**WHAT THE TASK REQUIRES:**
Your answer must be the full listing, reproduced exactly.

**MATERIAL FOR THIS TASK:**
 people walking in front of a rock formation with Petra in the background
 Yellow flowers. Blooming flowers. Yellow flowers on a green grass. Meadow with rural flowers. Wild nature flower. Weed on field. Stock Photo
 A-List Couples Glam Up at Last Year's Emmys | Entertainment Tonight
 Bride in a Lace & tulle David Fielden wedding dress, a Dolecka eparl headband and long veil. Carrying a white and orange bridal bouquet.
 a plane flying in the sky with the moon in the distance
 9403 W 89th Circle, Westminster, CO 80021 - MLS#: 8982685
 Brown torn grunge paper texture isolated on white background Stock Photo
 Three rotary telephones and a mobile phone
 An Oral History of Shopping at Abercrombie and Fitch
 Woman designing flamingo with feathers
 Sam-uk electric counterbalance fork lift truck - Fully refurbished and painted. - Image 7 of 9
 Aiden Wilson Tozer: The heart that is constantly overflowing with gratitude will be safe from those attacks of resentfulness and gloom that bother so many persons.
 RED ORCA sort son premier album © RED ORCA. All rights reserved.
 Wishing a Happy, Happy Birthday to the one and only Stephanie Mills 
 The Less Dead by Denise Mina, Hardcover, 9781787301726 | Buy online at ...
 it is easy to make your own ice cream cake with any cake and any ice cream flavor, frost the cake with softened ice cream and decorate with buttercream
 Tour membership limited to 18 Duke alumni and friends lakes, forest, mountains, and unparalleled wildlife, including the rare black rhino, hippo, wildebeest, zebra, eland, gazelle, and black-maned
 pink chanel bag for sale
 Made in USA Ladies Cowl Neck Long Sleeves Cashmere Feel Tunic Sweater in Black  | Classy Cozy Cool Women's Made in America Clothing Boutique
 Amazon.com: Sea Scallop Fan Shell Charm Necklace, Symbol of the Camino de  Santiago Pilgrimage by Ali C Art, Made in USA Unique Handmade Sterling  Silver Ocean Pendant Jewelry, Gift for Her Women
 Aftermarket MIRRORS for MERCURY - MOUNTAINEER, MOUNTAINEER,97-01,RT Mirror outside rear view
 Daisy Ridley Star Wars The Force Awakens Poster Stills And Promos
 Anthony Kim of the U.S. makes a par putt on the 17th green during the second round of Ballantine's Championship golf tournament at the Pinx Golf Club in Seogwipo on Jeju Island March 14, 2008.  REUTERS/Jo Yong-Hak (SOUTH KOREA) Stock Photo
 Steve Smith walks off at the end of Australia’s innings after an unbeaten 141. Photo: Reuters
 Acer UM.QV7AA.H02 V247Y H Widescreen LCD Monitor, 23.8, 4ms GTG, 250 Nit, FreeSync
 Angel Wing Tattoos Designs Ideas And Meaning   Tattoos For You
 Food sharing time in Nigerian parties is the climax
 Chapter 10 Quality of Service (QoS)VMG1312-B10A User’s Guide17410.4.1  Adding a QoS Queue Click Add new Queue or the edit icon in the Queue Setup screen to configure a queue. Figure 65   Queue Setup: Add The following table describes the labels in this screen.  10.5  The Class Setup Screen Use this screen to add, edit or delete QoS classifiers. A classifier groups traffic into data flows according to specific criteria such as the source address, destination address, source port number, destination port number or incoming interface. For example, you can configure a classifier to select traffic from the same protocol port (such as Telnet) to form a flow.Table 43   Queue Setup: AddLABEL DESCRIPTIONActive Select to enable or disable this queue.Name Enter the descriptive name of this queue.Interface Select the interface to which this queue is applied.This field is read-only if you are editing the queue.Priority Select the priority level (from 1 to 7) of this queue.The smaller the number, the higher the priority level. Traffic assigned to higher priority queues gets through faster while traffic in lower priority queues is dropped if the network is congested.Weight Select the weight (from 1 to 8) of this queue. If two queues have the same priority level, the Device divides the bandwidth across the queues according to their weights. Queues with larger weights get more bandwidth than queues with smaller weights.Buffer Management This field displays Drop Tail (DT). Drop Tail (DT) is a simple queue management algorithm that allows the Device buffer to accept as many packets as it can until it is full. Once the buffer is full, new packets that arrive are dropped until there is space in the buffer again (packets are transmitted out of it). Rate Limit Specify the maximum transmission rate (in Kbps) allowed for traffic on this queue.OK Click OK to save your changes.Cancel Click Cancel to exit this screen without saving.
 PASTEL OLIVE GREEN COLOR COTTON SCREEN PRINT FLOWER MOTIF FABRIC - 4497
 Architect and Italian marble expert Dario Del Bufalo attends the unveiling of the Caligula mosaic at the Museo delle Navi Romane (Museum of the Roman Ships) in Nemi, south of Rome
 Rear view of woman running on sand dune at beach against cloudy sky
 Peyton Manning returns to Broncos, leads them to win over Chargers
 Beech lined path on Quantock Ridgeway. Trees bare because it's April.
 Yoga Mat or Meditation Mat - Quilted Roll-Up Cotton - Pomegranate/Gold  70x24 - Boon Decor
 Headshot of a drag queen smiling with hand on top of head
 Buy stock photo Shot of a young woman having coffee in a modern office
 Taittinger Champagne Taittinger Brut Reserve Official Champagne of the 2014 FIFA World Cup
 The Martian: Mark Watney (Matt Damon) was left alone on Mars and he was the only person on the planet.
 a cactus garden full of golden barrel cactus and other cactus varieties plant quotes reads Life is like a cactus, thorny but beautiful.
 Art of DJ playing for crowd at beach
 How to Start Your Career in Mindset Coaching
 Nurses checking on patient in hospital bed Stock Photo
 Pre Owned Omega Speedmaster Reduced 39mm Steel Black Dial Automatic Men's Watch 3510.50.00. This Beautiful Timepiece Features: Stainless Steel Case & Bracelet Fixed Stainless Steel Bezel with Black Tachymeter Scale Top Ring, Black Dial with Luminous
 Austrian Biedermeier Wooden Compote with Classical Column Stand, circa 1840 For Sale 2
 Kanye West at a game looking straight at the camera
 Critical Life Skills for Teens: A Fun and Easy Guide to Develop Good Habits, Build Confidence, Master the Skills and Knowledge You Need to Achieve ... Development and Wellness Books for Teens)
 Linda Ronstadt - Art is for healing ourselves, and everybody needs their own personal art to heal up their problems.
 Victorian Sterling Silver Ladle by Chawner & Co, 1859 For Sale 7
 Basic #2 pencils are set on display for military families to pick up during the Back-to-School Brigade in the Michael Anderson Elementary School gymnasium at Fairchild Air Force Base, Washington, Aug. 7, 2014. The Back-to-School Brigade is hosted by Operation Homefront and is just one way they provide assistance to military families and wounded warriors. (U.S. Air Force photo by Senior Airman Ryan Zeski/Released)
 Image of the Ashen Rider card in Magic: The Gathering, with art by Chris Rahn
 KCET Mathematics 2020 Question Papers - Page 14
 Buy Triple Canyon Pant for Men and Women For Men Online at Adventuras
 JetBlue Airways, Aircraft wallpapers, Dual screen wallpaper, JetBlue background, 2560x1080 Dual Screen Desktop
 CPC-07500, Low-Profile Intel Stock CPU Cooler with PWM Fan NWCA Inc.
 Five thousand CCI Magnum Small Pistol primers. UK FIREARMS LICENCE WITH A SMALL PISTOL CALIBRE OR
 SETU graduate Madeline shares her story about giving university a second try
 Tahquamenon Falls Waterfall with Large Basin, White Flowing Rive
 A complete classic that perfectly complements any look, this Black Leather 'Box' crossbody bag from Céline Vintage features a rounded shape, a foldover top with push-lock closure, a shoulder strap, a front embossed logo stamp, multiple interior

**THE ANSWER:**
 people walking in front of a rock formation with Petra in the background
 Yellow flowers. Blooming flowers. Yellow flowers on a green grass. Meadow with rural flowers. Wild nature flower. Weed on field. Stock Photo
 A-List Couples Glam Up at Last Year's Emmys | Entertainment Tonight
 Bride in a Lace & tulle David Fielden wedding dress, a Dolecka eparl headband and long veil. Carrying a white and orange bridal bouquet.
 a plane flying in the sky with the moon in the distance
 9403 W 89th Circle, Westminster, CO 80021 - MLS#: 8982685
 Brown torn grunge paper texture isolated on white background Stock Photo
 Three rotary telephones and a mobile phone
 An Oral History of Shopping at Abercrombie and Fitch
 Woman designing flamingo with feathers
 Sam-uk electric counterbalance fork lift truck - Fully refurbished and painted. - Image 7 of 9
 Aiden Wilson Tozer: The heart that is constantly overflowing with gratitude will be safe from those attacks of resentfulness and gloom that bother so many persons.
 RED ORCA sort son premier album © RED ORCA. All rights reserved.
 Wishing a Happy, Happy Birthday to the one and only Stephanie Mills 
 The Less Dead by Denise Mina, Hardcover, 9781787301726 | Buy online at ...
 it is easy to make your own ice cream cake with any cake and any ice cream flavor, frost the cake with softened ice cream and decorate with buttercream
 Tour membership limited to 18 Duke alumni and friends lakes, forest, mountains, and unparalleled wildlife, including the rare black rhino, hippo, wildebeest, zebra, eland, gazelle, and black-maned
 pink chanel bag for sale
 Made in USA Ladies Cowl Neck Long Sleeves Cashmere Feel Tunic Sweater in Black  | Classy Cozy Cool Women's Made in America Clothing Boutique
 Amazon.com: Sea Scallop Fan Shell Charm Necklace, Symbol of the Camino de  Santiago Pilgrimage by Ali C Art, Made in USA Unique Handmade Sterling  Silver Ocean Pendant Jewelry, Gift for Her Women
 Aftermarket MIRRORS for MERCURY - MOUNTAINEER, MOUNTAINEER,97-01,RT Mirror outside rear view
 Daisy Ridley Star Wars The Force Awakens Poster Stills And Promos
 Anthony Kim of the U.S. makes a par putt on the 17th green during the second round of Ballantine's Championship golf tournament at the Pinx Golf Club in Seogwipo on Jeju Island March 14, 2008.  REUTERS/Jo Yong-Hak (SOUTH KOREA) Stock Photo
 Steve Smith walks off at the end of Australia’s innings after an unbeaten 141. Photo: Reuters
 Acer UM.QV7AA.H02 V247Y H Widescreen LCD Monitor, 23.8, 4ms GTG, 250 Nit, FreeSync
 Angel Wing Tattoos Designs Ideas And Meaning   Tattoos For You
 Food sharing time in Nigerian parties is the climax
 Chapter 10 Quality of Service (QoS)VMG1312-B10A User’s Guide17410.4.1  Adding a QoS Queue Click Add new Queue or the edit icon in the Queue Setup screen to configure a queue. Figure 65   Queue Setup: Add The following table describes the labels in this screen.  10.5  The Class Setup Screen Use this screen to add, edit or delete QoS classifiers. A classifier groups traffic into data flows according to specific criteria such as the source address, destination address, source port number, destination port number or incoming interface. For example, you can configure a classifier to select traffic from the same protocol port (such as Telnet) to form a flow.Table 43   Queue Setup: AddLABEL DESCRIPTIONActive Select to enable or disable this queue.Name Enter the descriptive name of this queue.Interface Select the interface to which this queue is applied.This field is read-only if you are editing the queue.Priority Select the priority level (from 1 to 7) of this queue.The smaller the number, the higher the priority level. Traffic assigned to higher priority queues gets through faster while traffic in lower priority queues is dropped if the network is congested.Weight Select the weight (from 1 to 8) of this queue. If two queues have the same priority level, the Device divides the bandwidth across the queues according to their weights. Queues with larger weights get more bandwidth than queues with smaller weights.Buffer Management This field displays Drop Tail (DT). Drop Tail (DT) is a simple queue management algorithm that allows the Device buffer to accept as many packets as it can until it is full. Once the buffer is full, new packets that arrive are dropped until there is space in the buffer again (packets are transmitted out of it). Rate Limit Specify the maximum transmission rate (in Kbps) allowed for traffic on this queue.OK Click OK to save your changes.Cancel Click Cancel to exit this screen without saving.
 PASTEL OLIVE GREEN COLOR COTTON SCREEN PRINT FLOWER MOTIF FABRIC - 4497
 Architect and Italian marble expert Dario Del Bufalo attends the unveiling of the Caligula mosaic at the Museo delle Navi Romane (Museum of the Roman Ships) in Nemi, south of Rome
 Rear view of woman running on sand dune at beach against cloudy sky
 Peyton Manning returns to Broncos, leads them to win over Chargers
 Beech lined path on Quantock Ridgeway. Trees bare because it's April.
 Yoga Mat or Meditation Mat - Quilted Roll-Up Cotton - Pomegranate/Gold  70x24 - Boon Decor
 Headshot of a drag queen smiling with hand on top of head
 Buy stock photo Shot of a young woman having coffee in a modern office
 Taittinger Champagne Taittinger Brut Reserve Official Champagne of the 2014 FIFA World Cup
 The Martian: Mark Watney (Matt Damon) was left alone on Mars and he was the only person on the planet.
 a cactus garden full of golden barrel cactus and other cactus varieties plant quotes reads Life is like a cactus, thorny but beautiful.
 Art of DJ playing for crowd at beach
 How to Start Your Career in Mindset Coaching
 Nurses checking on patient in hospital bed Stock Photo
 Pre Owned Omega Speedmaster Reduced 39mm Steel Black Dial Automatic Men's Watch 3510.50.00. This Beautiful Timepiece Features: Stainless Steel Case & Bracelet Fixed Stainless Steel Bezel with Black Tachymeter Scale Top Ring, Black Dial with Luminous
 Austrian Biedermeier Wooden Compote with Classical Column Stand, circa 1840 For Sale 2
 Kanye West at a game looking straight at the camera
 Critical Life Skills for Teens: A Fun and Easy Guide to Develop Good Habits, Build Confidence, Master the Skills and Knowledge You Need to Achieve ... Development and Wellness Books for Teens)
 Linda Ronstadt - Art is for healing ourselves, and everybody needs their own personal art to heal up their problems.
 Victorian Sterling Silver Ladle by Chawner & Co, 1859 For Sale 7
 Basic #2 pencils are set on display for military families to pick up during the Back-to-School Brigade in the Michael Anderson Elementary School gymnasium at Fairchild Air Force Base, Washington, Aug. 7, 2014. The Back-to-School Brigade is hosted by Operation Homefront and is just one way they provide assistance to military families and wounded warriors. (U.S. Air Force photo by Senior Airman Ryan Zeski/Released)
 Image of the Ashen Rider card in Magic: The Gathering, with art by Chris Rahn
 KCET Mathematics 2020 Question Papers - Page 14
 Buy Triple Canyon Pant for Men and Women For Men Online at Adventuras
 JetBlue Airways, Aircraft wallpapers, Dual screen wallpaper, JetBlue background, 2560x1080 Dual Screen Desktop
 CPC-07500, Low-Profile Intel Stock CPU Cooler with PWM Fan NWCA Inc.
 Five thousand CCI Magnum Small Pistol primers. UK FIREARMS LICENCE WITH A SMALL PISTOL CALIBRE OR
 SETU graduate Madeline shares her story about giving university a second try
 Tahquamenon Falls Waterfall with Large Basin, White Flowing Rive
 A complete classic that perfectly complements any look, this Black Leather 'Box' crossbody bag from Céline Vintage features a rounded shape, a foldover top with push-lock closure, a shoulder strap, a front embossed logo stamp, multiple interior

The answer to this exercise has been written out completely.